Give back exactly the lines of the entries below from the line with "HP Cartouche d'Encre" to the line with "Typische rote Schweizer", inclusive, and only those.

### Provided information ###

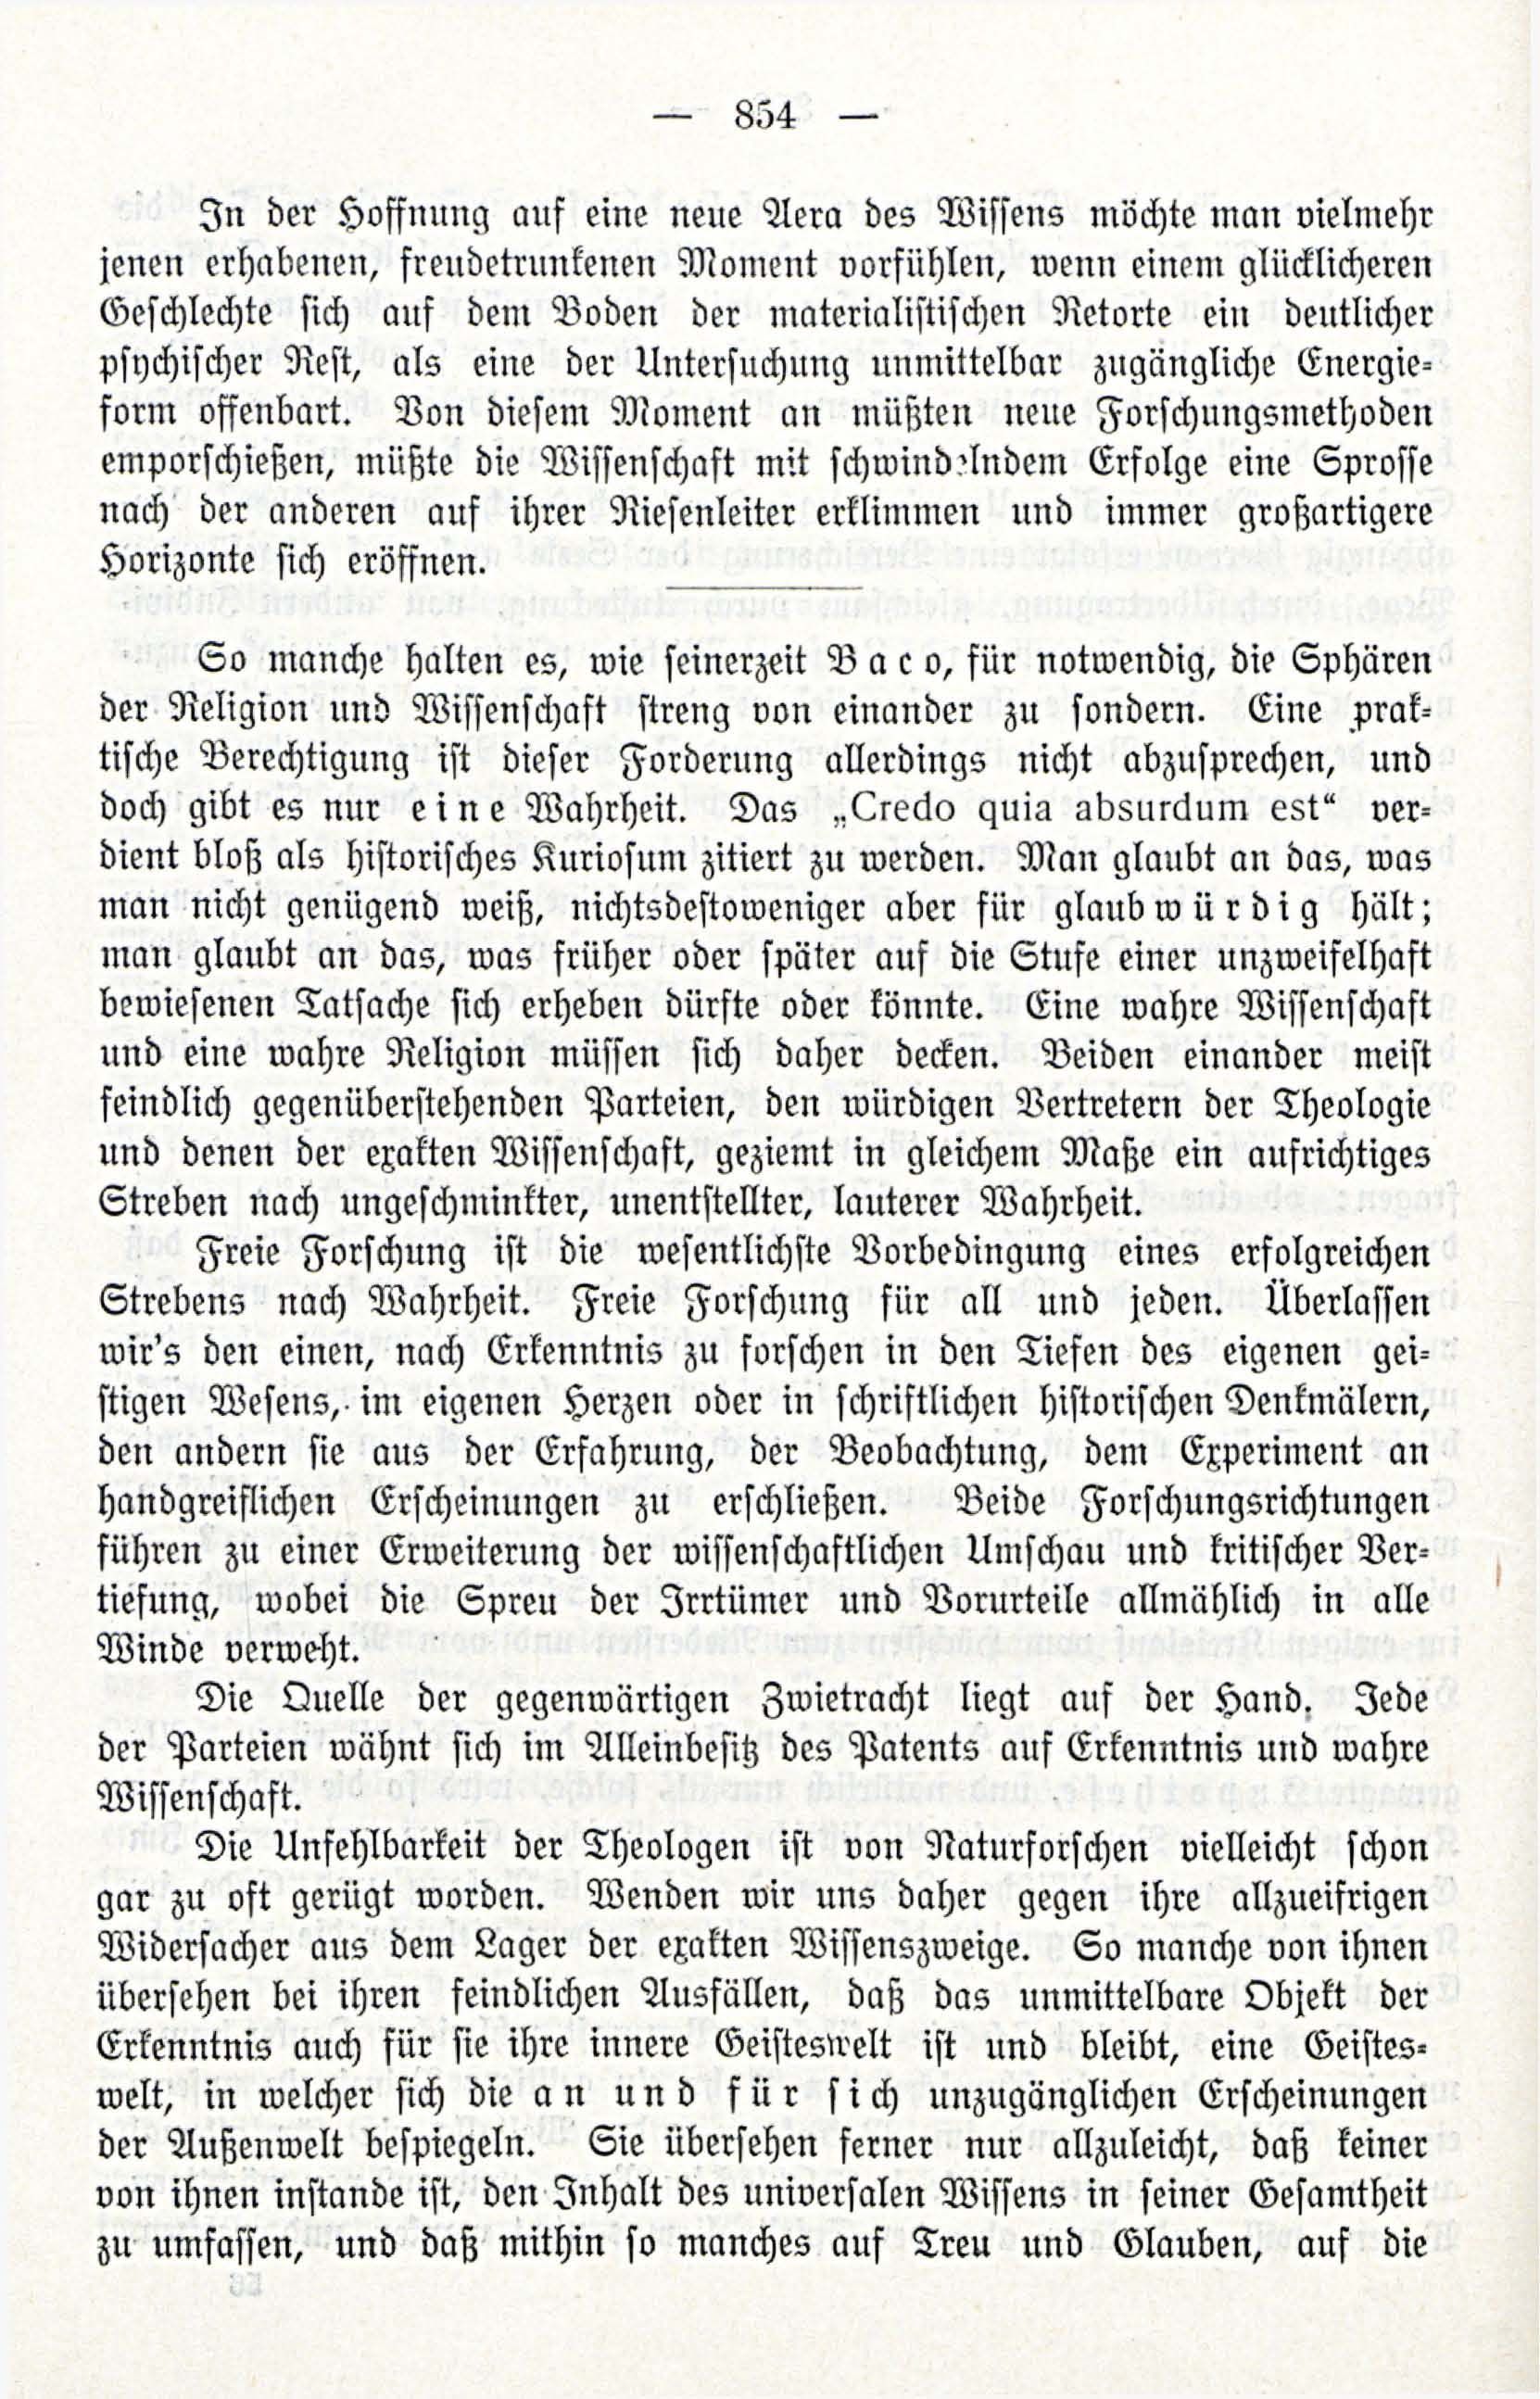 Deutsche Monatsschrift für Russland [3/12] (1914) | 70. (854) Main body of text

###
### Provided information ###

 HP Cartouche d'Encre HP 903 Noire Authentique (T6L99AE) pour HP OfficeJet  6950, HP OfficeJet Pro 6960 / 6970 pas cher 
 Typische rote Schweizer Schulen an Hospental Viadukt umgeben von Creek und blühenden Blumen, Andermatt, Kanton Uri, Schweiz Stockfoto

###
### Provided information ###

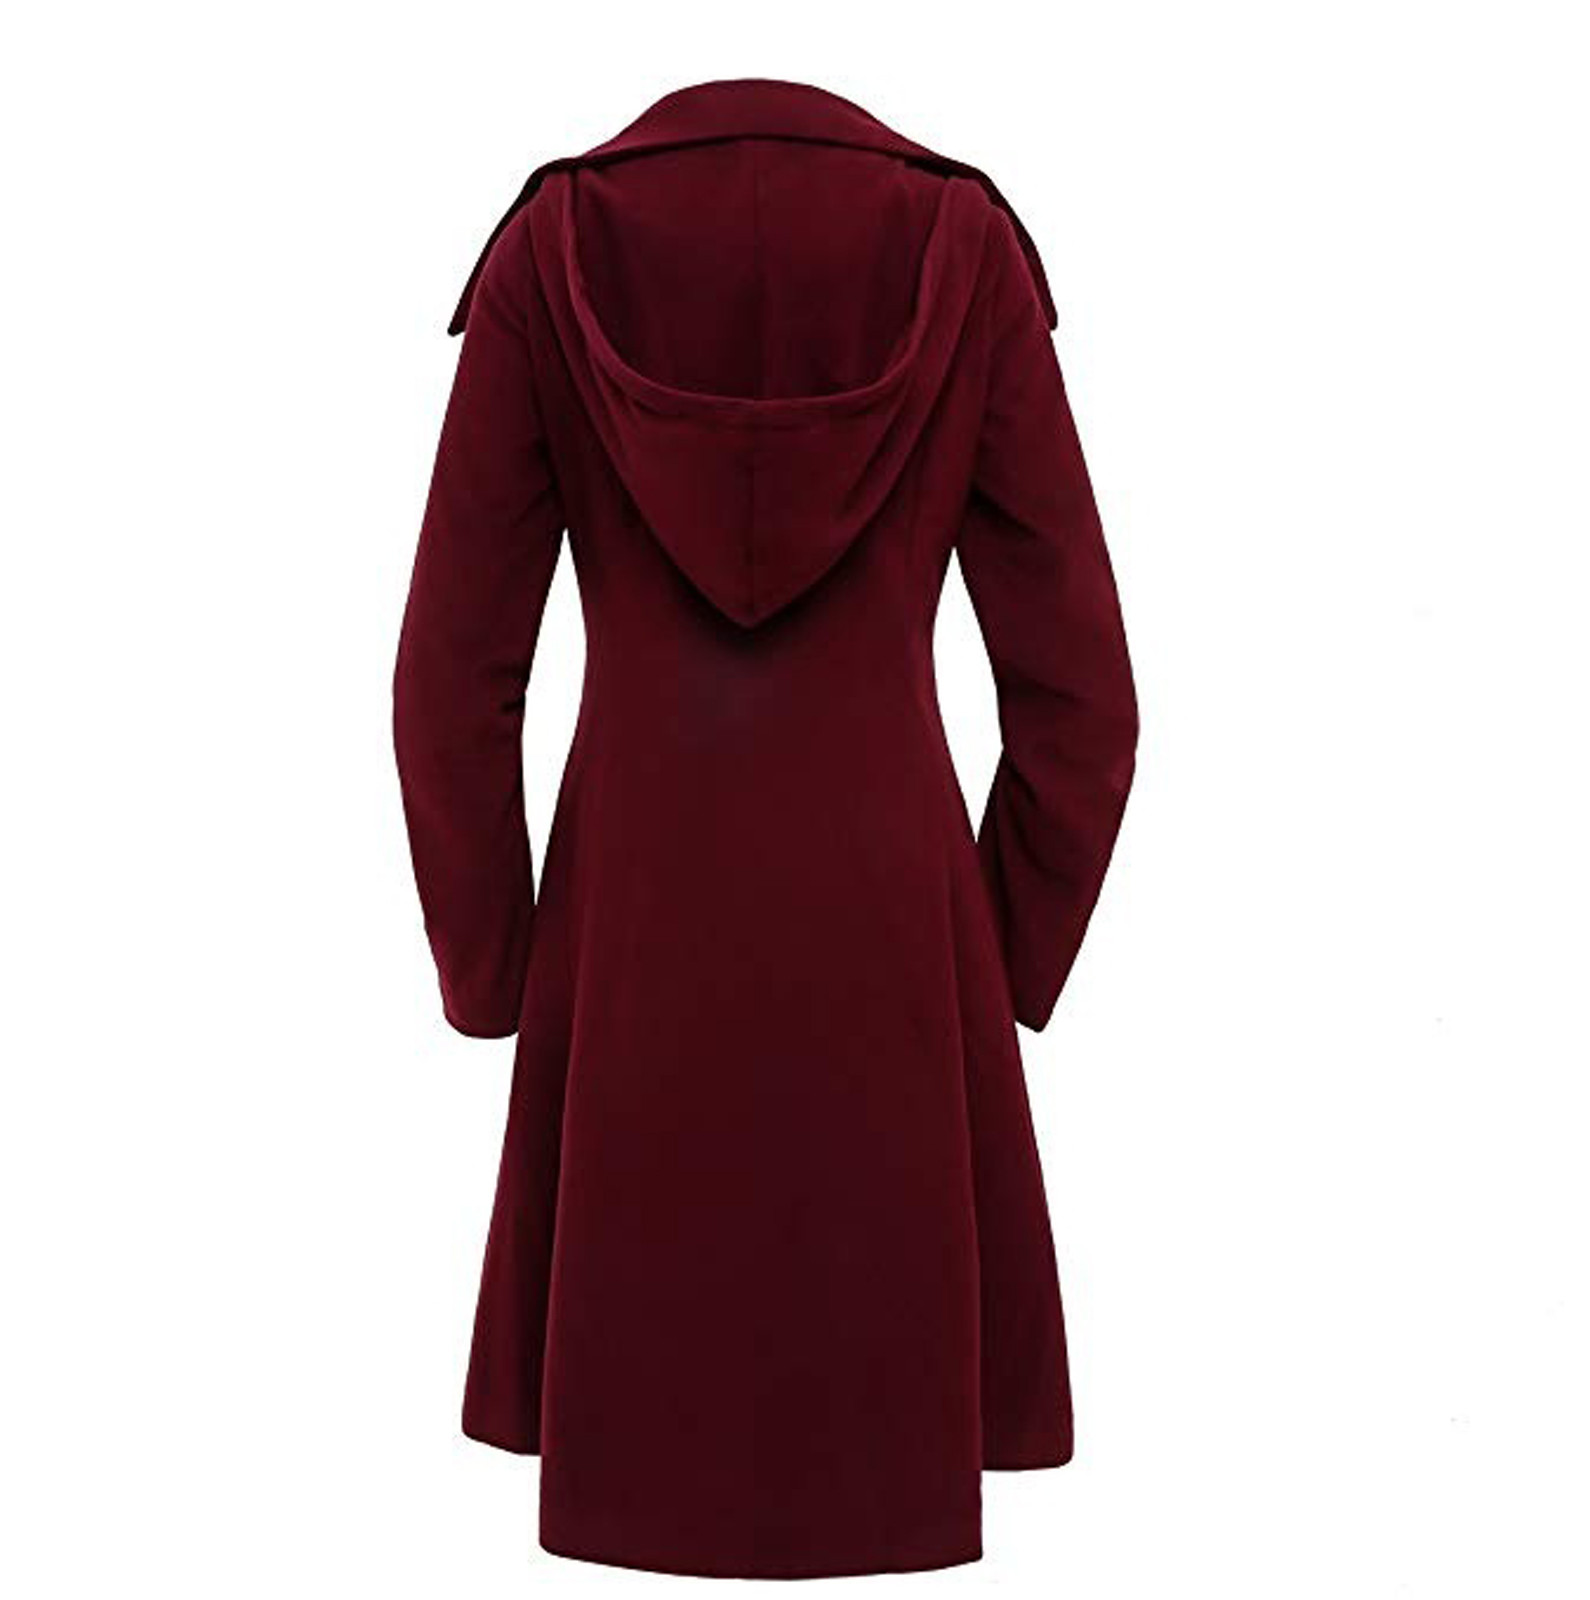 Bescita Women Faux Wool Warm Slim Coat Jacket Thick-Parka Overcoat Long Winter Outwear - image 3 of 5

###

**Exercise response**
 HP Cartouche d'Encre HP 903 Noire Authentique (T6L99AE) pour HP OfficeJet  6950, HP OfficeJet Pro 6960 / 6970 pas cher 
 Typische rote Schweizer Schulen an Hospental Viadukt umgeben von Creek und blühenden Blumen, Andermatt, Kanton Uri, Schweiz Stockfoto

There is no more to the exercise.